# Wood And Metal Unite



## Alex (5/8/14)

* Wood And Metal Unite In Striking Furniture By Hilla Shamia *


Hilla Shamia, an ingenious Israeli artist and designer, creates beautiful one-of-a-kind wood and aluminum desks and stools using a unique method that marries cold aluminum and beautiful pieces of wood.
To create these unprecedented pieces, Shamia poured molten aluminum onto logs of raw cypress and eucalyptus that have been cut lengthwise. The burning of the molten aluminum on the surface of the raw wooden log creates a beautiful black layer of carbon that creates a boundary between the cold silvery color of the aluminum and the wood’s beautiful natural colors and forms.
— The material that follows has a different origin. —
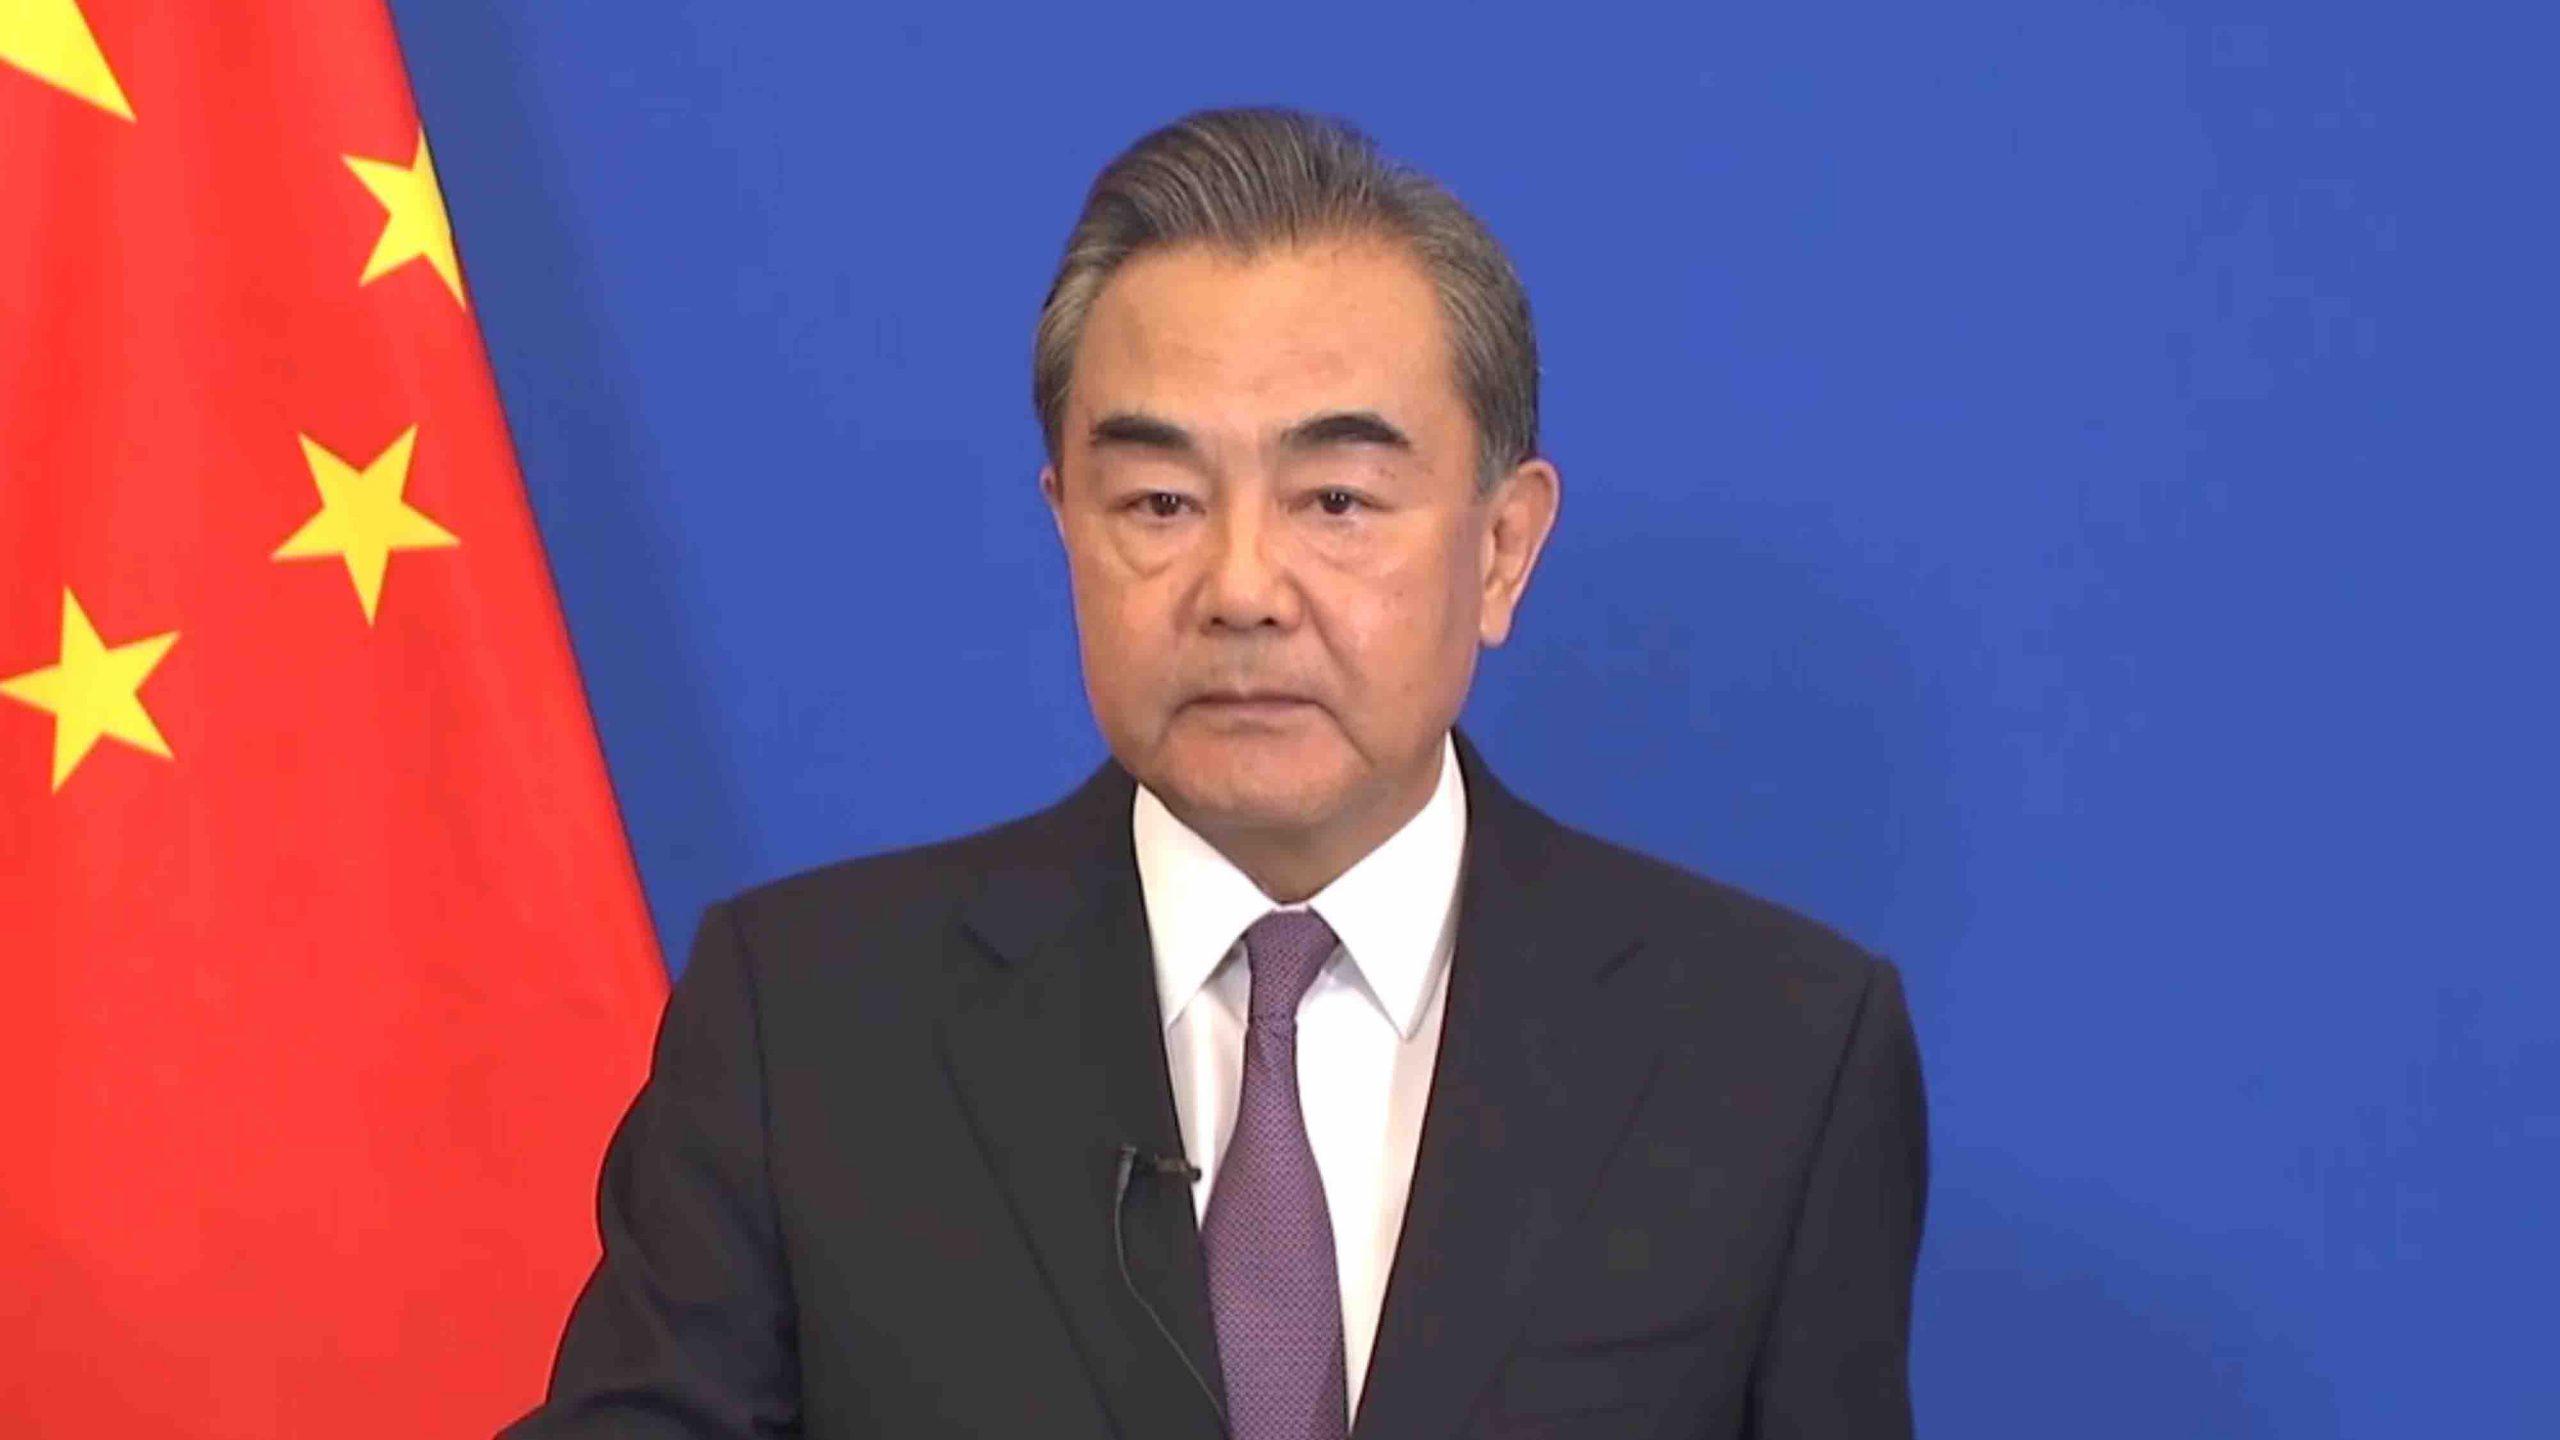 Remove tariffs on Chinese goods to repair relations, China tells US
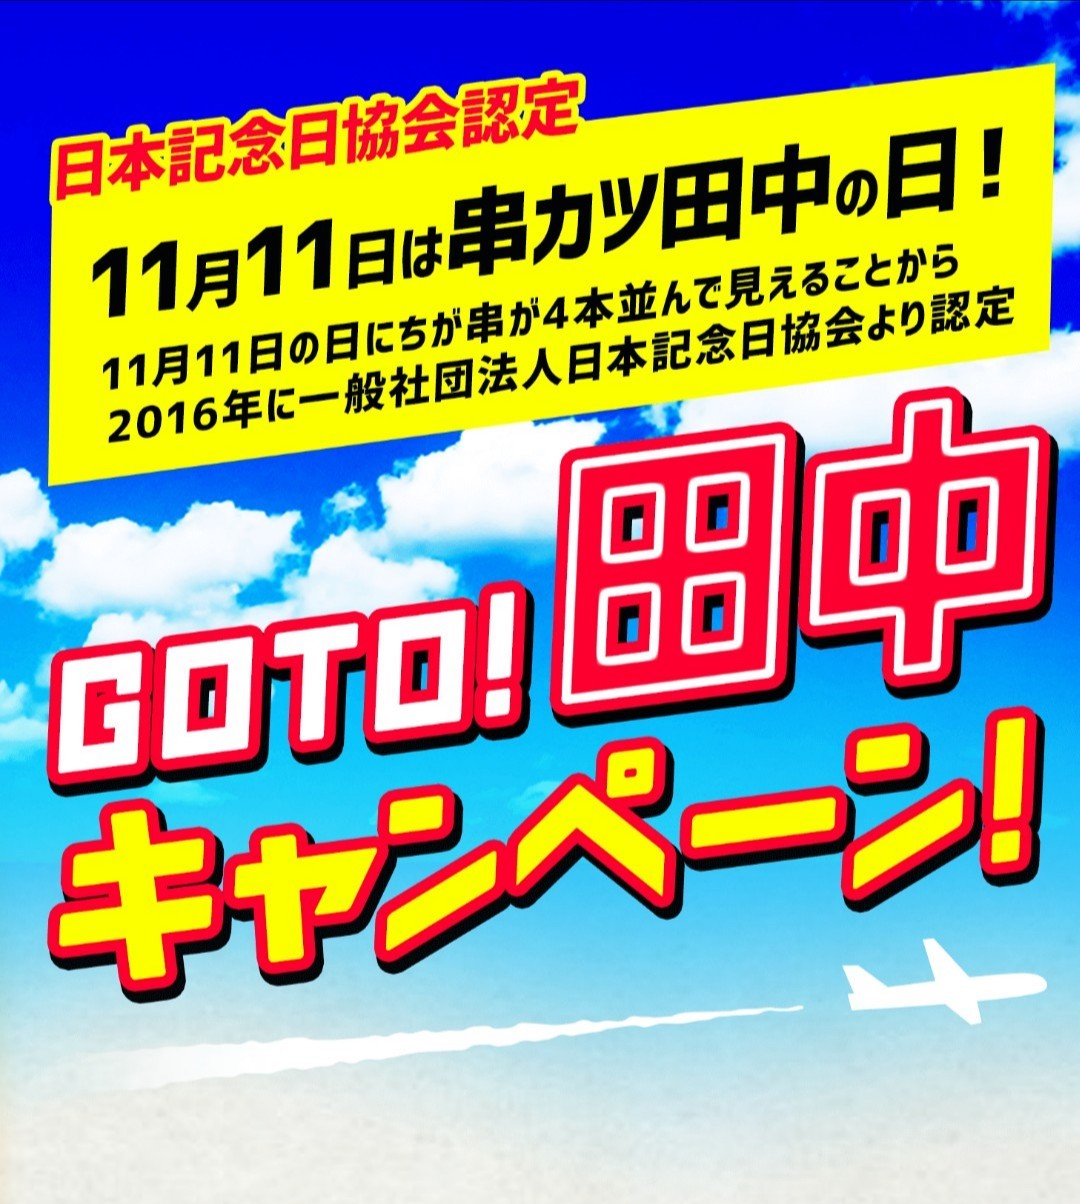 GOTO田中キャンペーン!広告

Because the aluminum is molten, it runs into every crack and crevice of the wood, creating a strong bond and a striking appearance.
More info: hillashamia.com (h/t: colossal, timesofisrael)

Reactions: Like 4


----------



## Metal Liz (5/8/14)

Wow these are beautiful 

sent from a Reo & MVP happy cloud


----------



## MarkK (6/8/14)

Epic! wow


----------



## johan (6/8/14)

Absolutely STUNNING!


----------



## Riaz (6/8/14)

beautiful!!!


----------



## annemarievdh (6/8/14)

Wow !!! That is stunning!!!


----------